Oculus VR, the virtual reality company and wildly successful Kickstarter campaign acquired by Facebook, is a case in point—not of a scam, but of how even a project with honest intentions and clearly stated rewards can end up leading to confusion and a backlash.
Oculus delivered rewards, as promised, but its backers didn’t think that was fair compensation once it was acquired by Facebook for $2 billion. Oculus employees received death threats after the deal, according to comments posted by Oculus founder Palmer Luckey on Reddit in April.

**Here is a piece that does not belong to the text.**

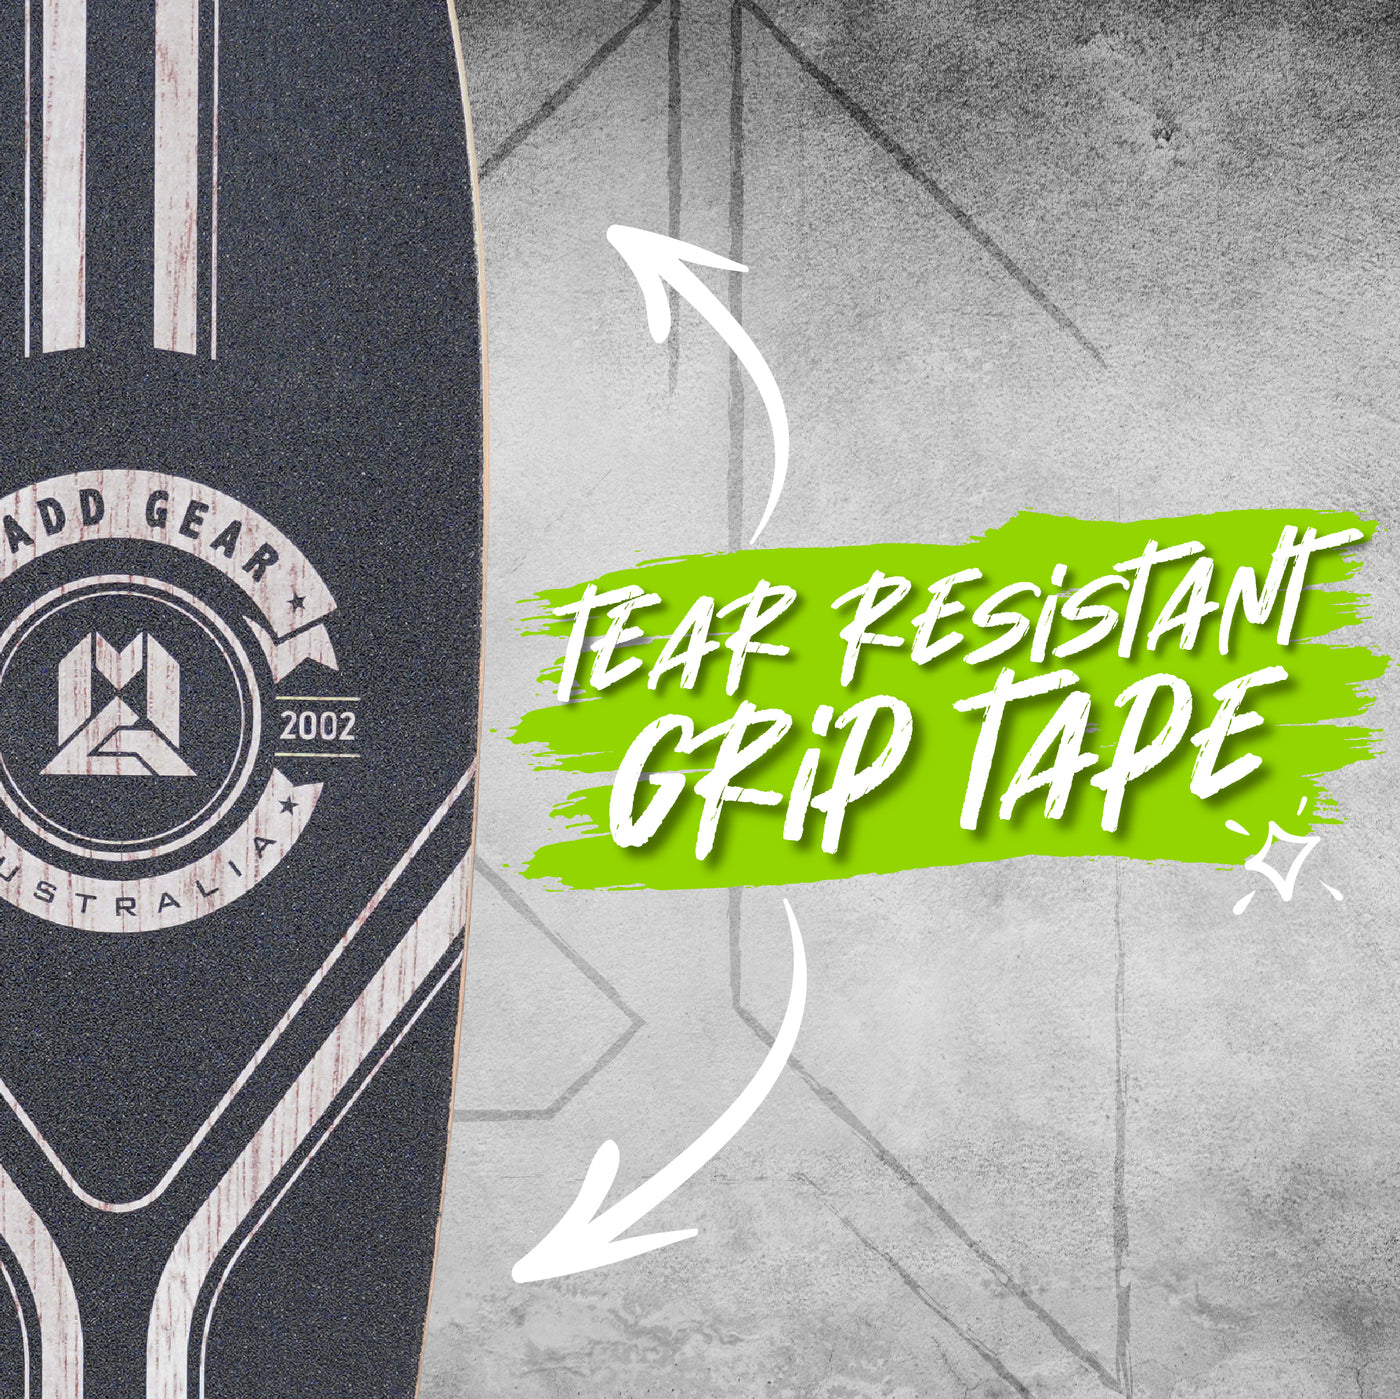 Madd Gear 36" Longboard Complete Skateboard Maple Kids Childrens High Quality Aluminum Trucks Blue Grip Tape

“Everybody was going to the company and asking, ‘Where is my cut of the Facebook deal?’ It got really ugly,” said Stephen Ma, a partner with Early Sullivan Wright Gizer & McRae who has worked with various start-ups and in securities litigation. Many of the problems he has witnessed are with rewards-based projects and result from individuals who lack basic crowdfunding literacy. “If people don’t understand what they’re getting into, it starts to get problematic,” Ma said.
All for one, one for all—or just a free-for-all?
Oculus owed its backers nothing more than its stated reward—that’s the distinction between reward-based projects and equity crowdfunding. Excluding equity crowdfunding—where users fund projects in exchange for an equity stake—there are three main categories of crowdfunding: donation, rewards and preorder of a product to be manufactured.
There is limited research on abuse of crowdfunding platforms. Ethan Mollick, a professor at The Wharton School, found in a recent study that more than 75 percent of non-equity campaigns are late delivering on their promises, but less than 0.1 percent of crowdfunded campaigns have been intentional frauds.
“The danger of fraud is pretty low, but there’s a good chance that your products will be delivered late and potentially in a slightly different form than you originally intended,” Mollick said.
The distinction between a legitimate delay and potentially fraudulent project isn’t well understood in these early days of crowdfunding. That’s a key distinction, though, because failure is not the same as fraud, and many more projects fail than set out to intentionally defraud, Mollick said.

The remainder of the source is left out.